I mean people have had to switch funds. Id say a couple of the HF exits were "forced" and there is a mix shift that's a general downgrade (lower AUM / less well known or ok track record). And I suspect 1-2 of the startups were also quasi forced. So I think if I had to triangulate adj for all that maybe 75% of those who wanted to stay in PE were able to with a small to medium downgrade. I think this is a highly self selected group. Very technical place, known for top tier exits etc.

 

I know I already posted above, but I would caution any prospects or interns reading this thread from taking it to heart. There is going to be selection bias in this thread, especially since we are already on a finance forum. The vast majority of IB analysts and MBB associates do not end up in PE/HF long term.

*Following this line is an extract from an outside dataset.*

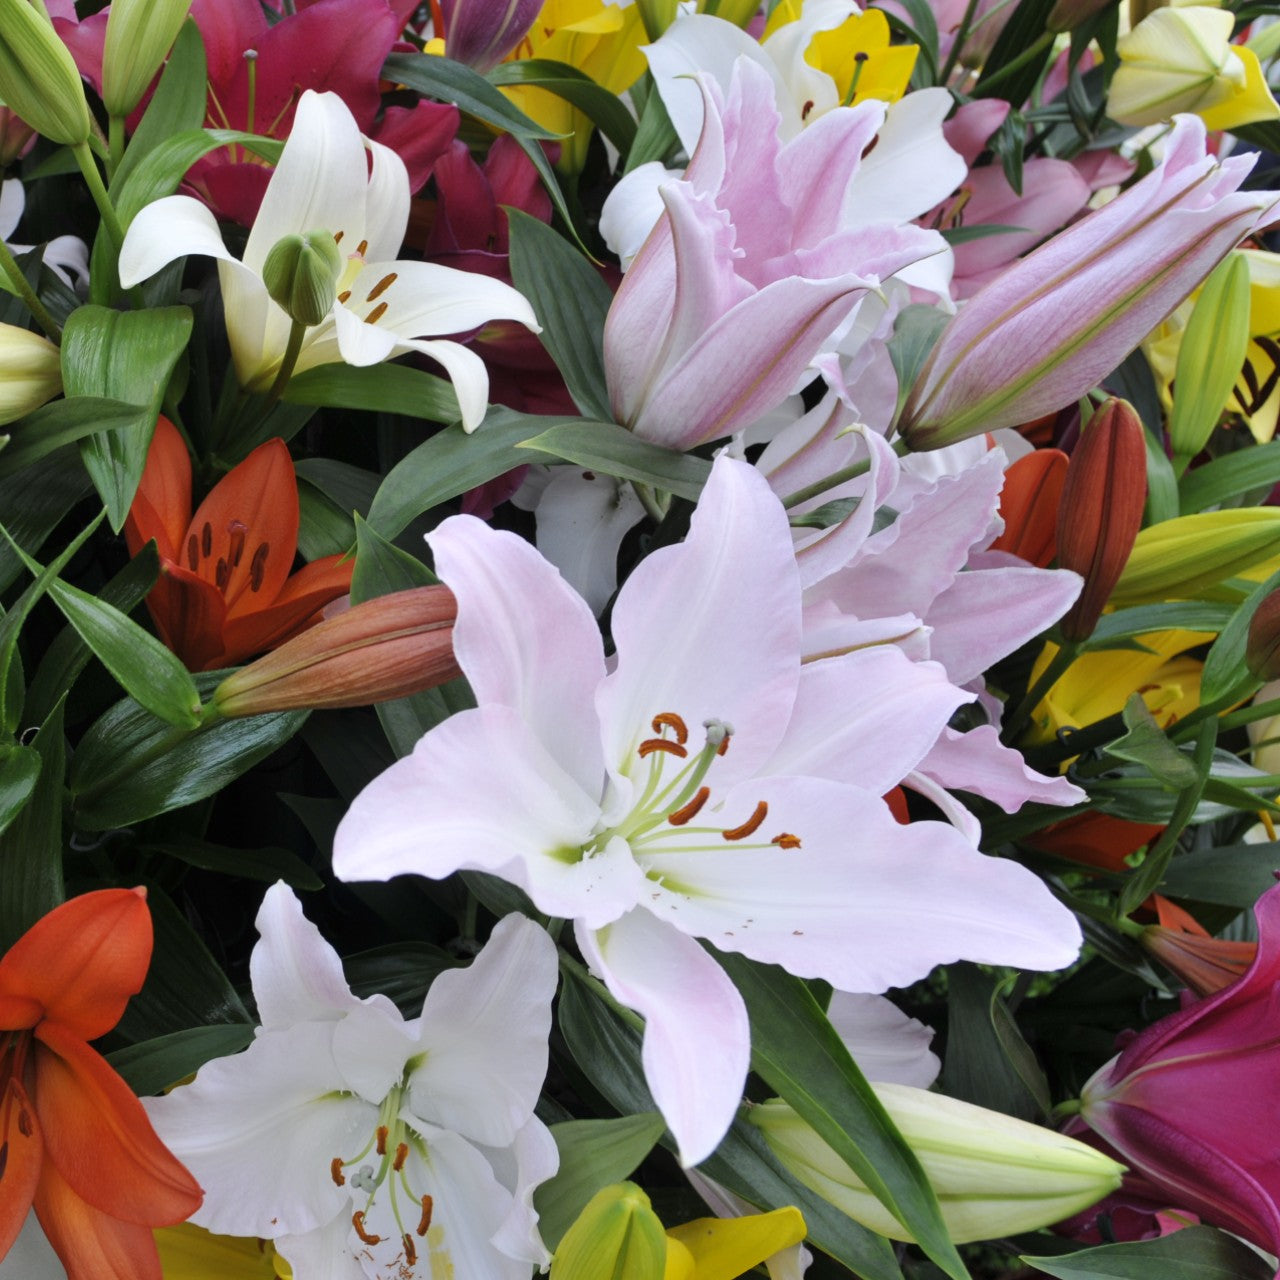 Versatile wholesale flower bouquet boxes Items

I have seen it thrown around that ~50% of IB analysts (inclusive of LMM all the way up to EB’s) end up in corpdev or strategic finance eventually. I would say that is a more representative outcome of what your Analyst class will be than the ex-GS guys saying that 50% of their class are senior guys in PE/HF/AM nowadays.

 

why would there be selection bias? People here are quoting the solid figures of what their old analyst class ended up in. Unless you mean people cherry-picking the ones who ended up in senior roles, but then that would be resolved by saying how many people in total in the class, and how many people who left finance altogether/ unknown.

 

It's the same reason why salary/net worth threads tend to skew high.  people are more likely to respond when they have something good to say.  Also, the guy who left a MM bank 10 years ago and now works in CD along with half of his analyst class doing the same isn't going to still be on WSO.  The older guys still on WSO will be the ones still in the industry and passionate enough to browse here.  That's going to lean towards guys from good BB/EB's that ended up in IB/PE/HF long term.  

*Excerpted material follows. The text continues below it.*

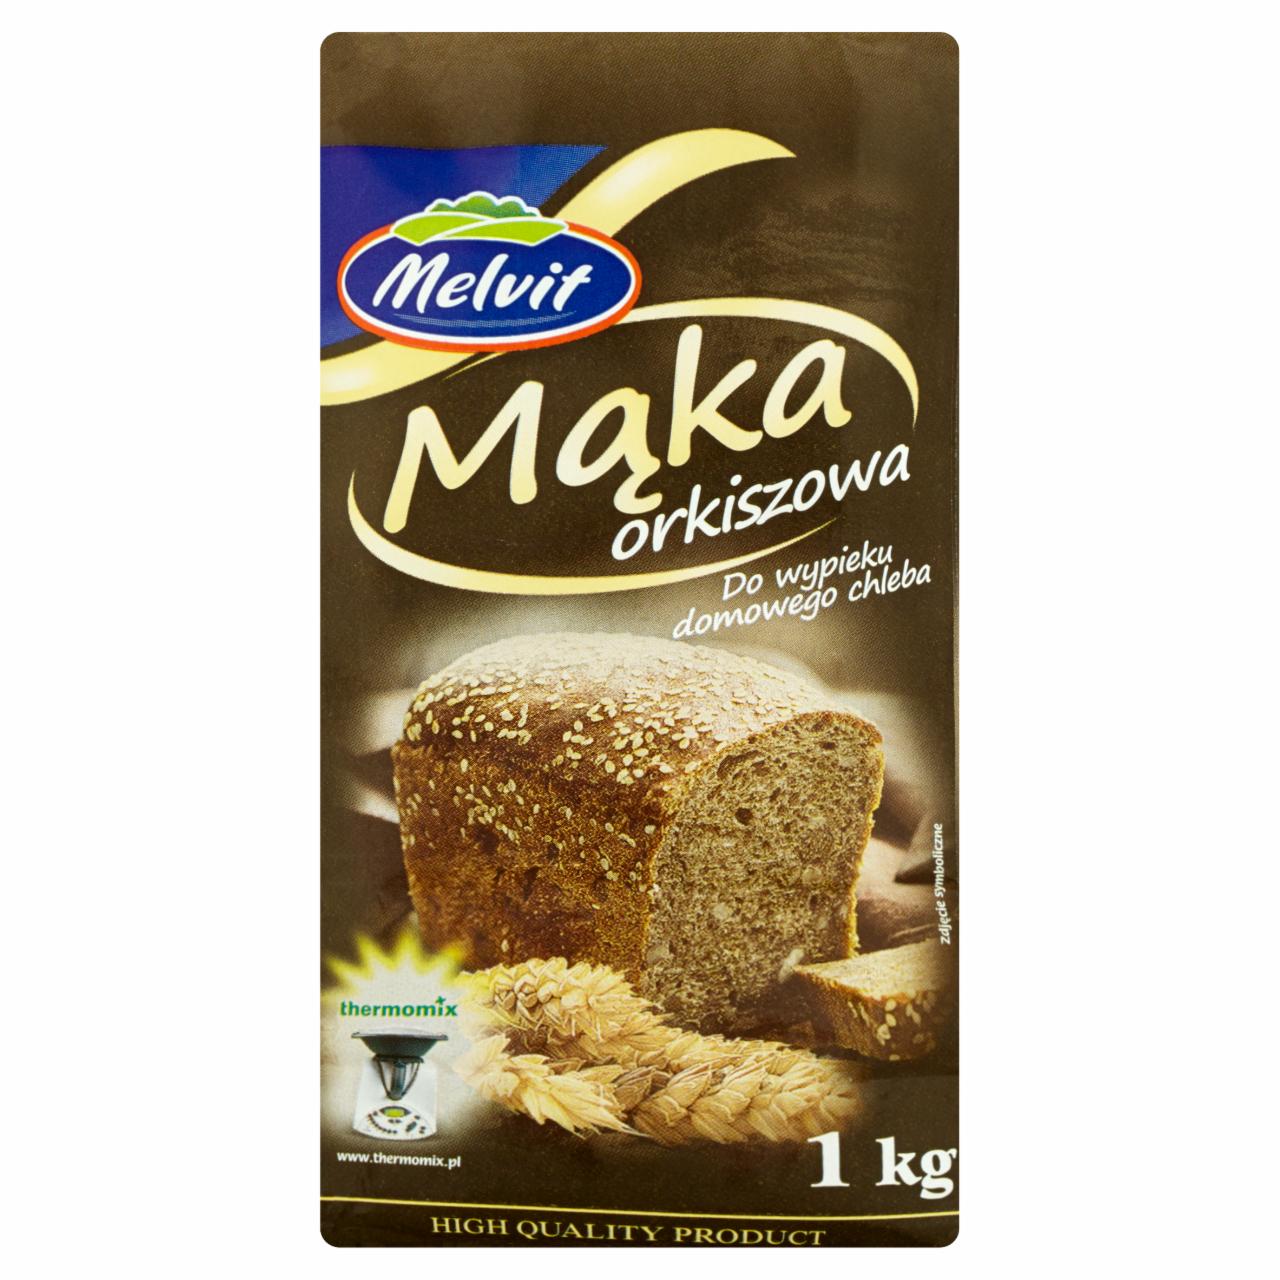 Zdjęcia - Melvit Mąka orkiszowa do wypieku domowego chleba 1 kg

Same reason it feels like "everyone" you graduated with from an HYPSM is making >120k right out of college, when the actual number for median compensation out of those schools is in the 80-90k range at most.  The guy making 70k in an LDP out of Harvard isn't going to talk about salary with his IB friends

 

My class of analysts in the group I was in, 10 years out: 

  • Equity research director (sell side)
  • MD banking
  • Director banking
  • HF (me)
  • One left industry altogether, think does FP&A or something
  • CFO 

Would be tough to list the rest as class was probably near 100 people. Most or all very successful. Many in PE, not as many in HFs, many stayed in banking, others built their own companies (varying levels of success), some left finance to do another industry altogether e.g. media, non profit, art, etc.

 

For what it’s worth, my current recollection of the Moelis nyc analyst start class of 2015 out of the ones I still am in touch with somewhat / have heard about and/or seen their latest updates on LinkedIn:

maybe like 6-8 or so in mid-level partner-track roles at PE firms (ranging from MF/APO to UMM/MMs and even maybe one in FOF potentially or the like)

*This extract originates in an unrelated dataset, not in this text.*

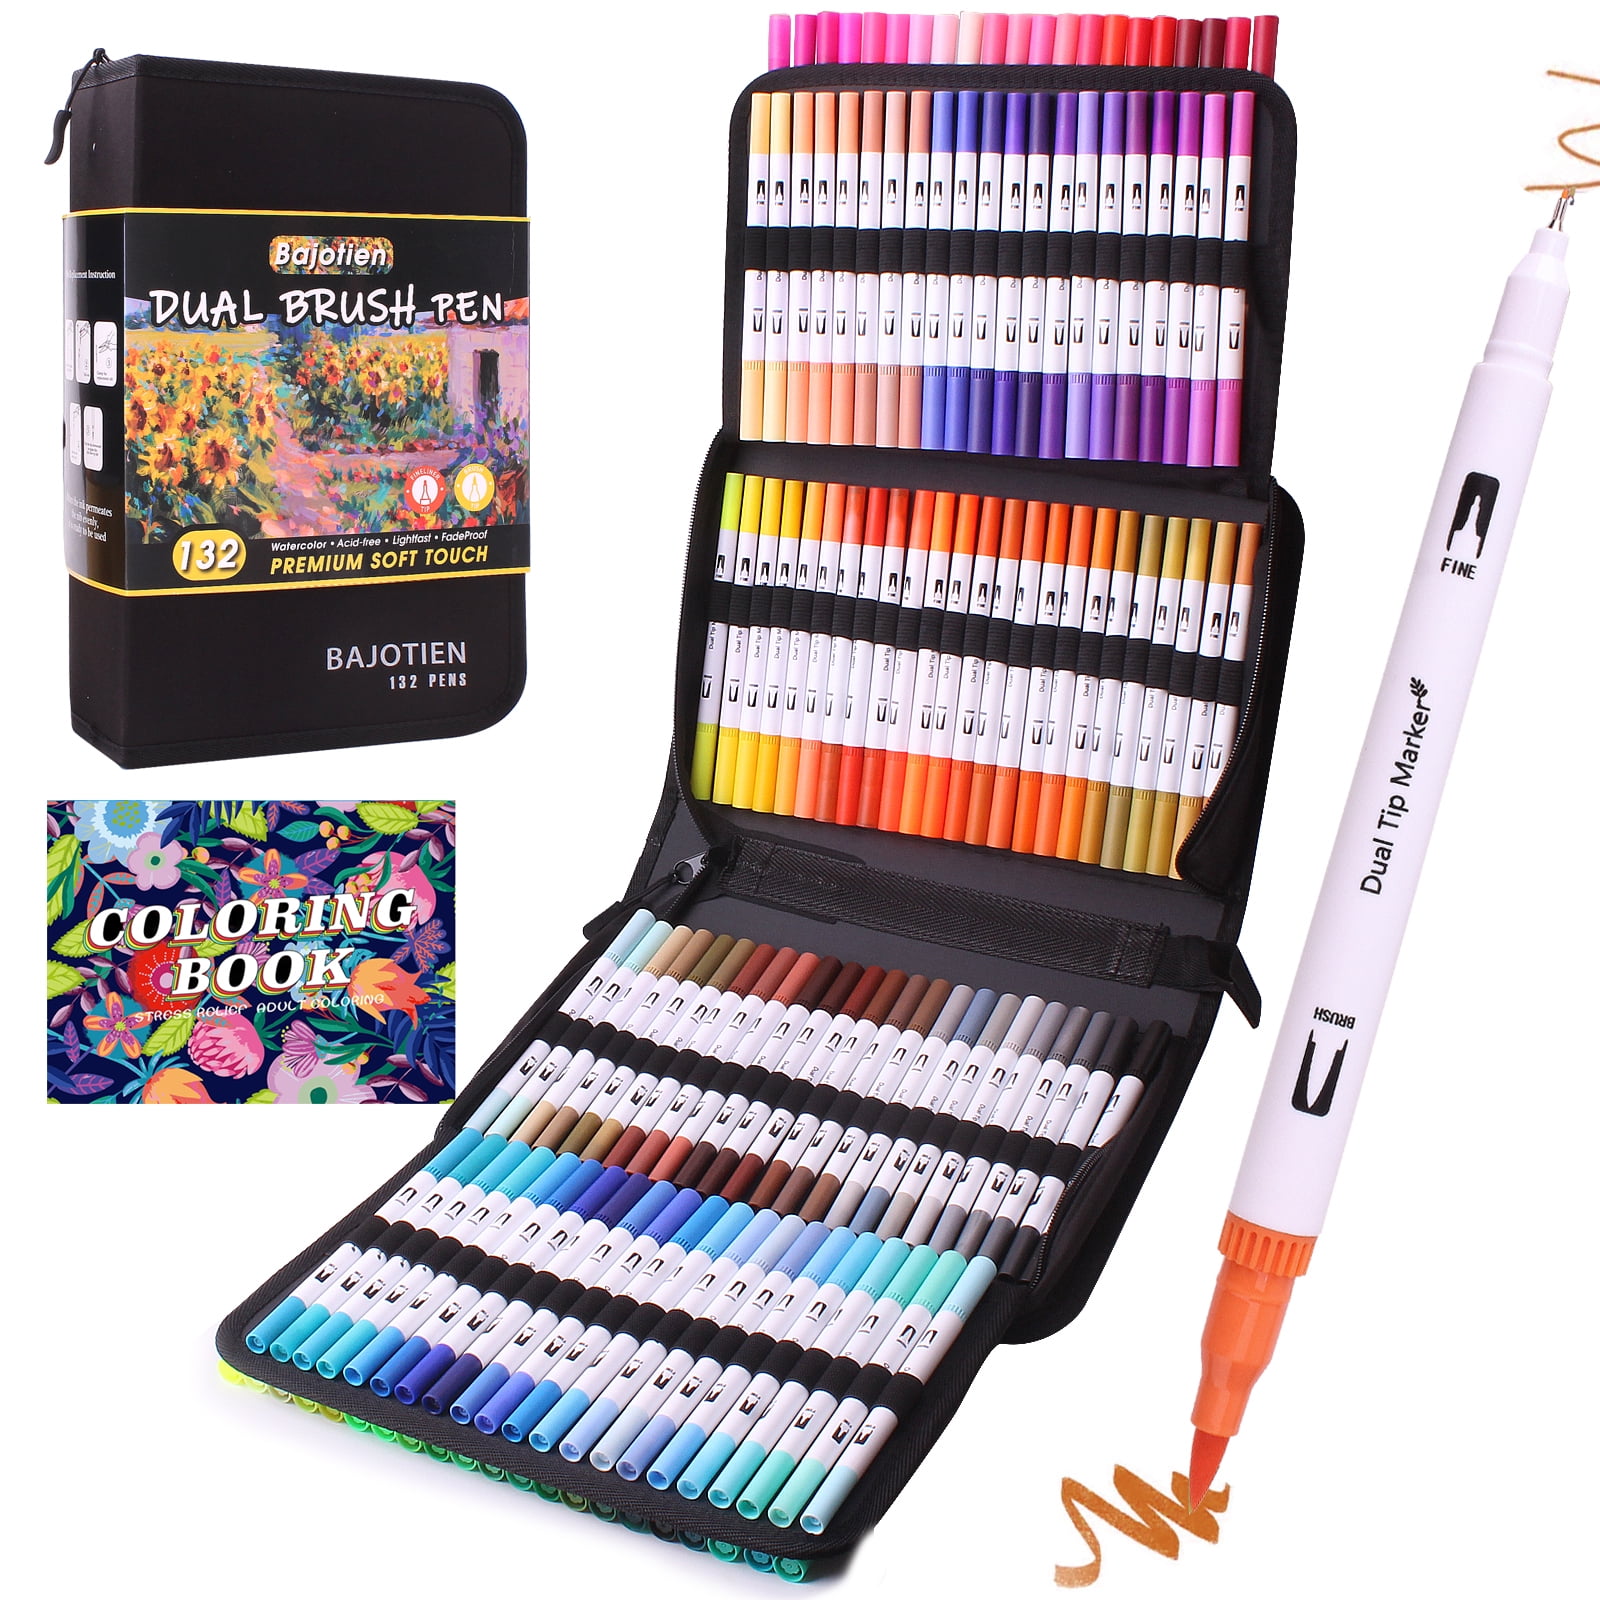 Color Block Pens - Set of 2 - Lilac + Cornflower – DesignWorks Ink

maybe another 5 in HF stuff ranging from regular HY credit, distressed, crypto, cannabis, biotech, etc whatever is a hot bull market (or a shorting bear market) these days for the more equity / high-risk tolerance ones

Maybe another 5 or so in like senior / CEO level or co-founders of tech cos and/or in VC or the like in terms of starting their own / leading their own businesses

maybe another 1 or 2 doing Corp Dev for large / mega cap type companies that are either big hot tech companies or like publicly-traded household name type places

Maybe 1 or 2 still in banking or on the sell-side doing work for banks directly in-house.
 

As a disclaimer, I think there may have been like 30 of us when we started so I might not be remembering everyone. Beyond that, there were plenty of other analysts (and associates) in other offices. I think one of the years I was there, Ken announced that we/he had like 100 interns with the firm for the summer, so this may be just a small snapshot of what I remember from the analysts who started with me in NYC in the summer of 2015. Data may be incomplete and/or misleading due to incompleteness. Nevertheless, I hope this helps for something.